Provided material:
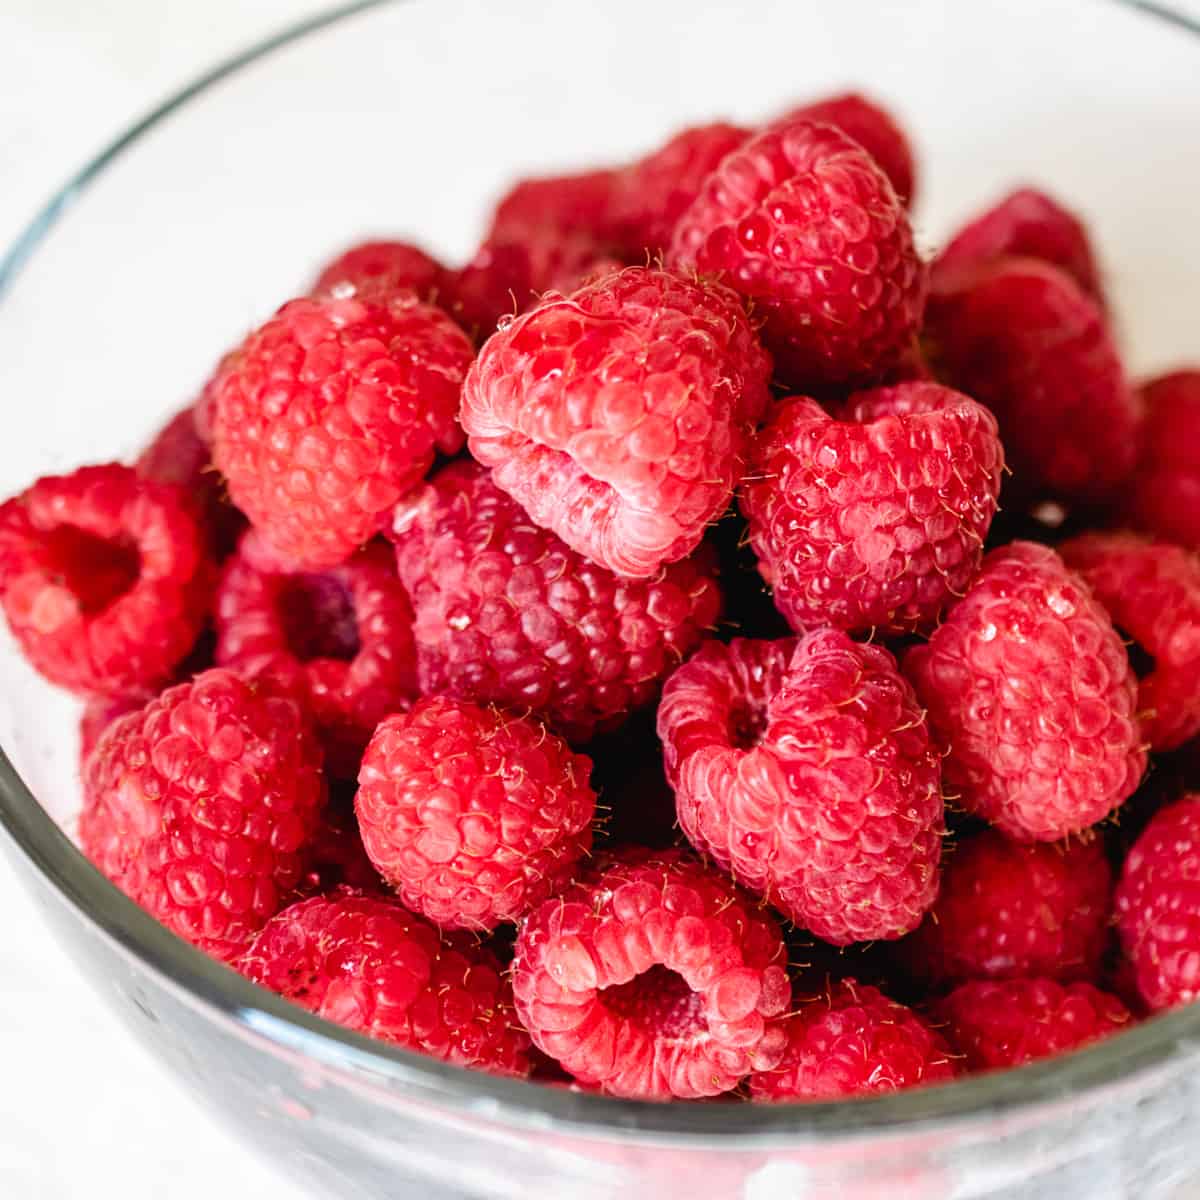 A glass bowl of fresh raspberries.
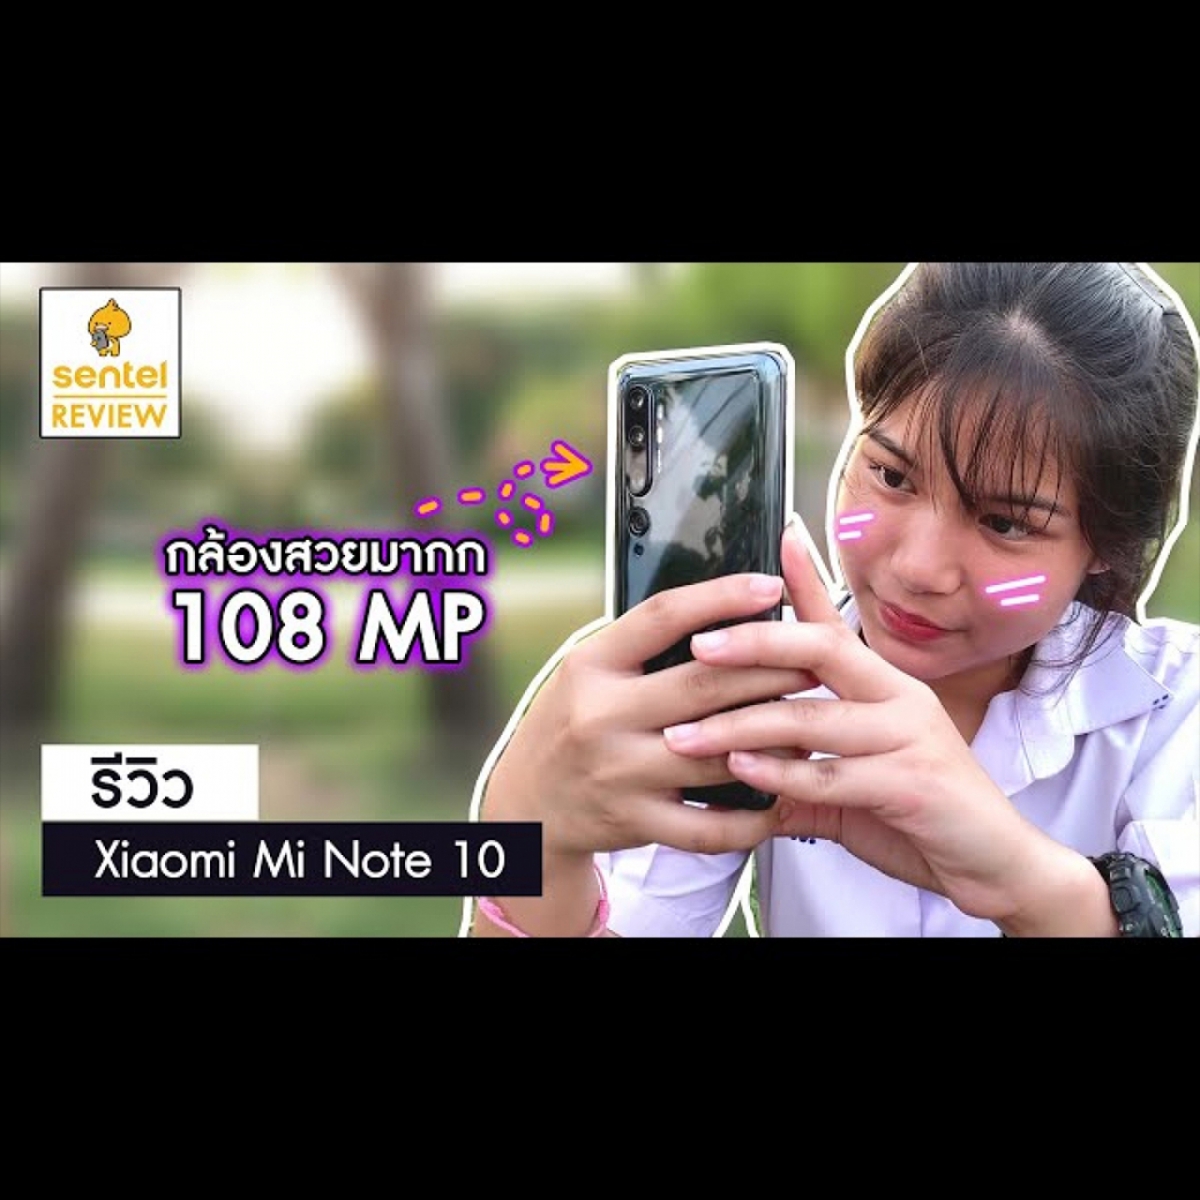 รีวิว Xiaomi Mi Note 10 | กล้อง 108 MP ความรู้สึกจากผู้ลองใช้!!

==

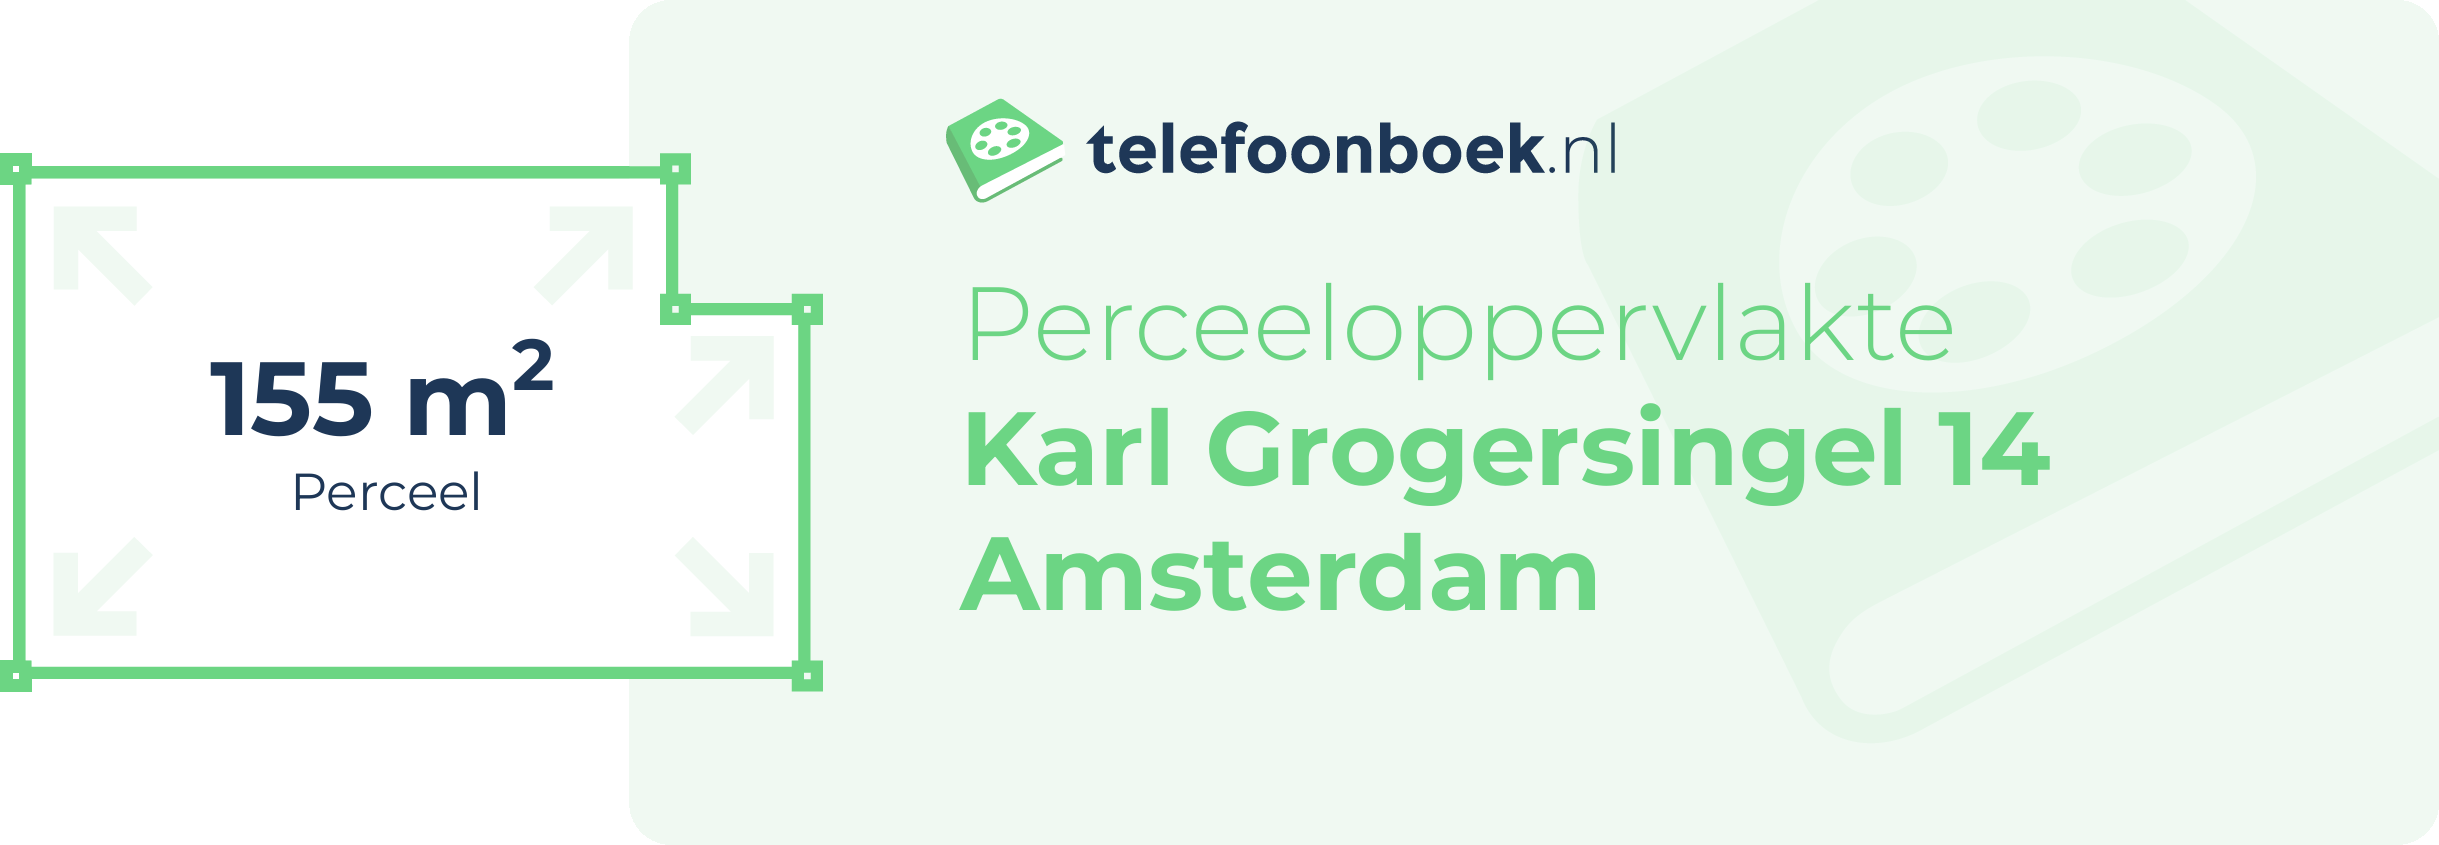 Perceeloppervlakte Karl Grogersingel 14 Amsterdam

--

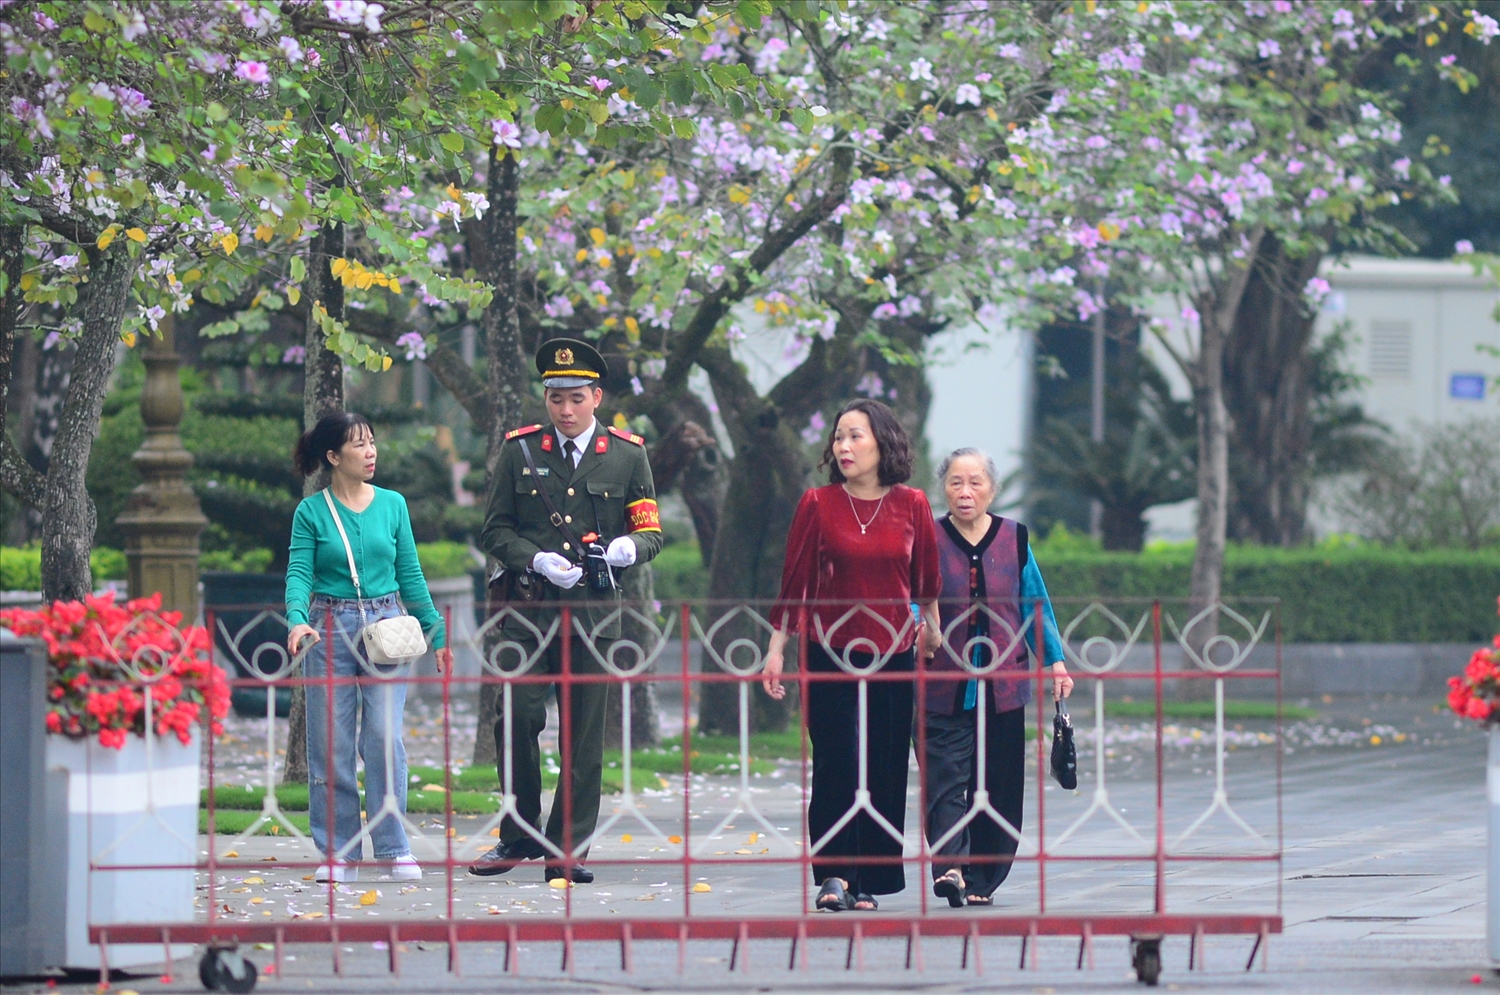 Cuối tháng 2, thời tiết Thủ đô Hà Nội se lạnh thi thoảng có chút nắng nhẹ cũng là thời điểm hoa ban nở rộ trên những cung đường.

Your task:
Working from the entries above, please transcribe only the lines from the line with "A glass bowl of fresh raspberries." through the line with "รีวิว Xiaomi Mi", exactly, with both end lines and without pictures.

Completed task:
 A glass bowl of fresh raspberries.
 รีวิว Xiaomi Mi Note 10 | กล้อง 108 MP ความรู้สึกจากผู้ลองใช้!!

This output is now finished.